[GPRD] Increase pgbouncer pool sizes to reduce saturation and connection wait times
# Production Change
### Change Summary
Equivalent `GSTG` change at https://gitlab.com/gitlab-com/gl-infra/production/-/issues/7378
This Change is to increase the pgbouncer pool sizes, as discussed at https://gitlab.com/gitlab-com/gl-infra/capacity-planning/-/issues/32
During the [CI Decomposition phase 4](https://gitlab.com/groups/gitlab-org/-/epics/6160#phase-4-separate-write-connections-for-ci-and-main-still-going-to-the-same-primary-host) we have split both sync and async pools between `main` and `ci` pgbouncers, to avoid saturation of the `patroni-main` writer node. During this period of split pools we faced [some incidents due to sidekiq pool saturation](https://gitlab.com/gitlab-com/gl-infra/production/-/issues/6880), where we increased the pools to reduce the application impact, but we were still [limited by the Writer node resource capacity](https://gitlab.com/gitlab-com/gl-infra/reliability/-/issues/15628#note_1000164201), hence we kept tracking saturation risk for both pools sync and async pools at https://gitlab.com/gitlab-com/gl-infra/capacity-planning/-/issues/32
Now having finished the [Phase 7: Promotion of the CI database](https://gitlab.com/groups/gitlab-org/-/epics/7791), we have 2 writer nodes, 1 for `patroni-main` and 1 for `patroni-ci`, therefore we plan to roll out this CR to increase pgbouncer pool sizes gradually, to reduce saturation of pgbouncers but we also aim to let a head room of resources in the Patroni Writer nodes for unexpected spikes.

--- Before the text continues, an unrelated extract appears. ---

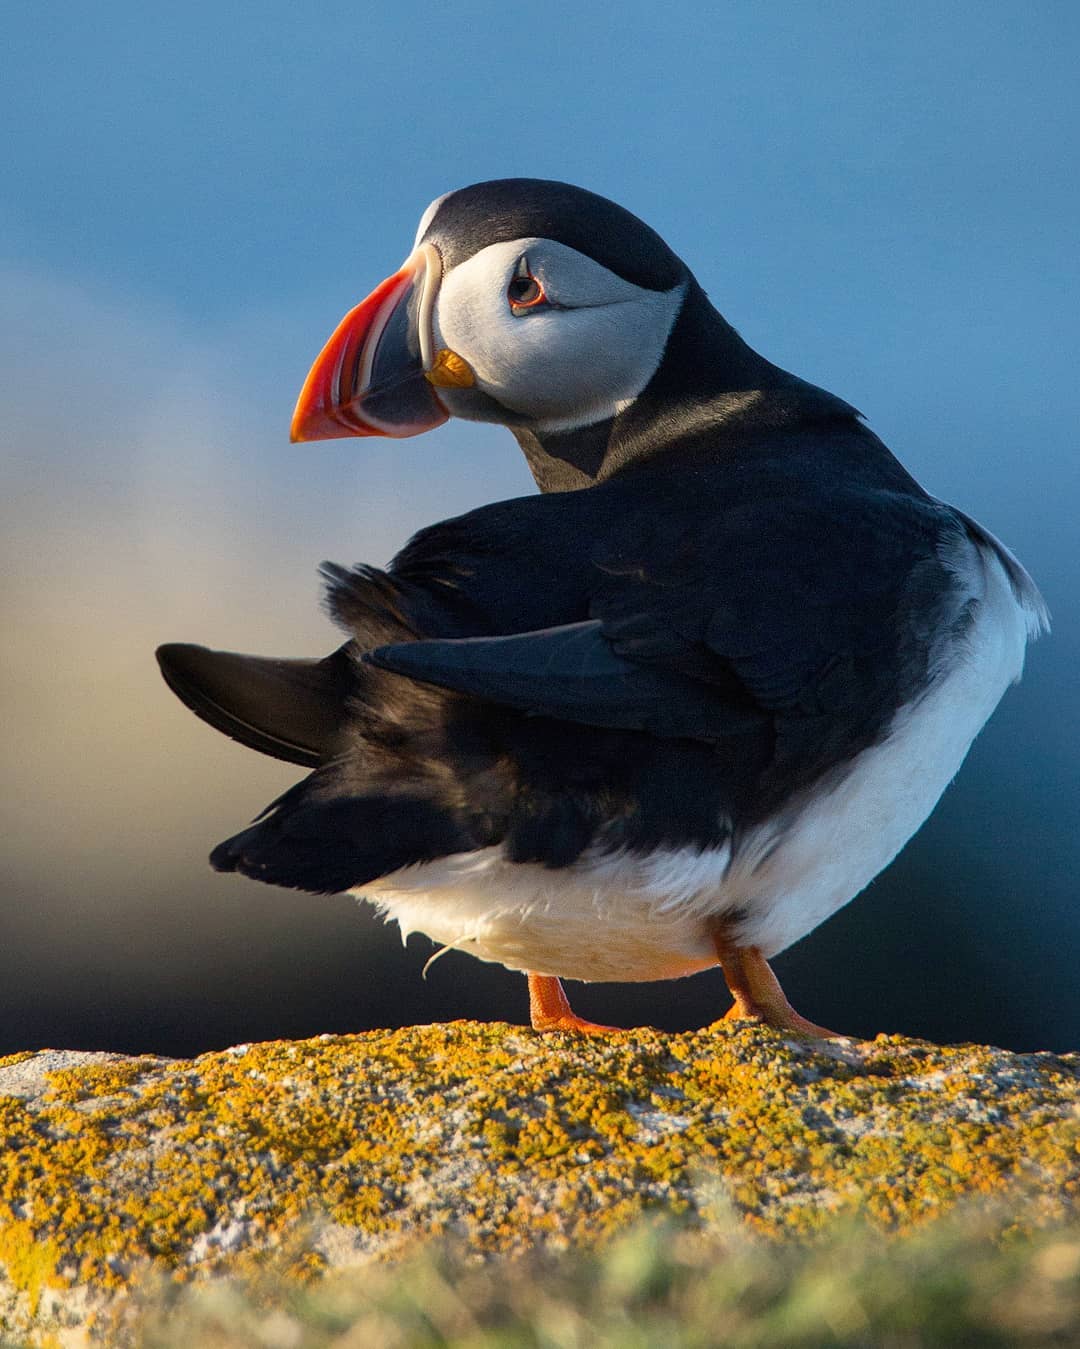 You can go observe the endearing Atlantic puffin, but time may be
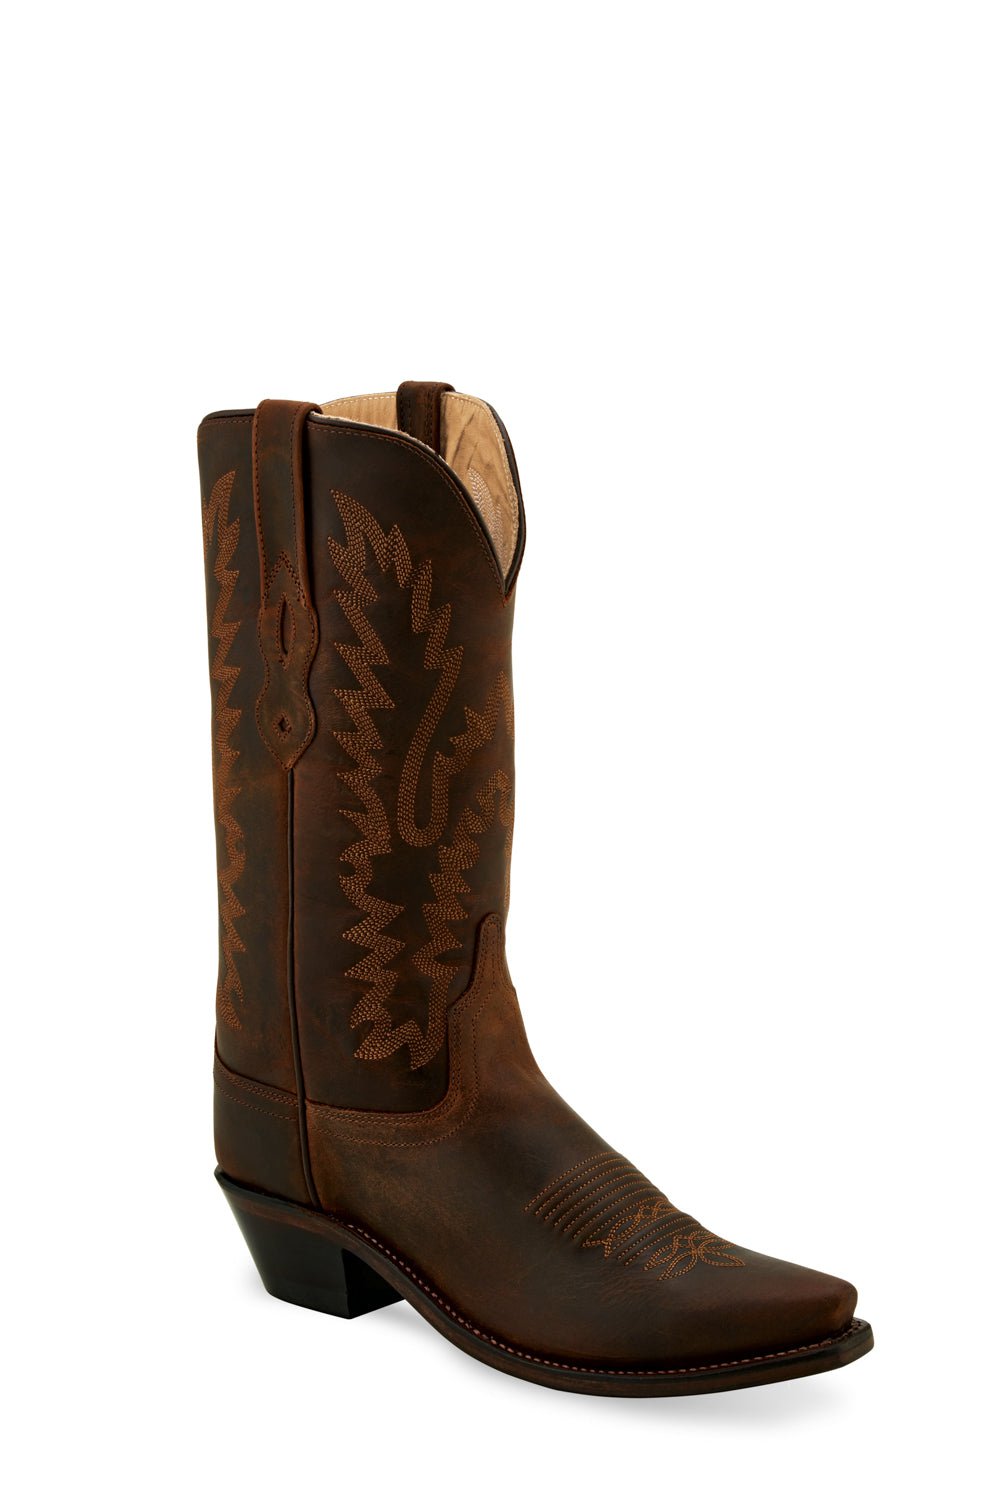 old west boots womens

**The [Current pool sizes](https://thanos-query.ops.gitlab.net/graph?g0.expr=min(pgbouncer_databases_pool_size%7Bname%3D~%22gitlabhq_production.*%22%2C%20env%3D%22gprd%22%2Cstage%3D%22main%22%2Ctype%3D~%22pgbouncer.*%22%7D)%20by%20(name%2Ctype)&g0.tab=1&g0.stacked=0&g0.range_input=2d&g0.max_source_resolution=0s&g0.deduplicate=1&g0.partial_response=0&g0.store_matches=%5B%5D) are:**
- {name="gitlabhq_production", type="pgbouncer"} = 27
- {name="gitlabhq_production", type="pgbouncer-ci"} = 27
- {name="gitlabhq_production_sidekiq", type="pgbouncer"} = 30
- {name="gitlabhq_production_sidekiq", type="pgbouncer-ci"} = 22
**The target of the pool resizing is to find satisfactory values to:**
- Connection Saturation per Pool < 80% - Metric at: https://gitlab.com/gitlab-com/gl-infra/production/-/issues/7381#evaluate-next-pool-increase
- Total Connection Wait Time < 10 seconds - Metric at: https://gitlab.com/gitlab-com/gl-infra/production/-/issues/7381#evaluate-next-pool-increase
**Different satistactory values can be agreed at every iteraction/round as per https://gitlab.com/gitlab-com/gl-infra/capacity-planning/-/issues/32#note_1018539403**
### Change Details
1. **Services Impacted** - ~"Service::Pgbouncer" ~"Service::API" ~"Service::Web" ~"Service::Postgres" ~Database
1. **Change Technician** - @rhenchen.gitlab
1. **Change Reviewer** - @ayufan @DylanGriffith @Finotto
1. **Time tracking** - Multiple Weeks - following agreement at https://gitlab.com/gitlab-com/gl-infra/capacity-planning/-/issues/32
1. **Downtime Component** - None
## Detailed steps for the change
### Pre-Change Steps - steps to be completed before execution of the change
*Estimated Time to Complete (mins)* - 10 minutes
1. [x] Confirm that `gstg` CR was executed sucessfully - https://gitlab.com/gitlab-com/gl-infra/production/-/issues/7378
1. [x] Check that all MRs are rebased
1. [x] Confirm which host is the Patroni Writer for both clusters
- Main Cluster Primary Host:
- CI Cluster Primary Host:
1. [x] \[optional\] clone https://gitlab.com/rhenchen.gitlab/rhenchen/-/tree/main/scripts and get familiar with the `ssh_cluster_regex.sh` script
### Change Steps - steps to take to execute the change
*Estimated Time to Complete (mins)* - 15 minutes (each round)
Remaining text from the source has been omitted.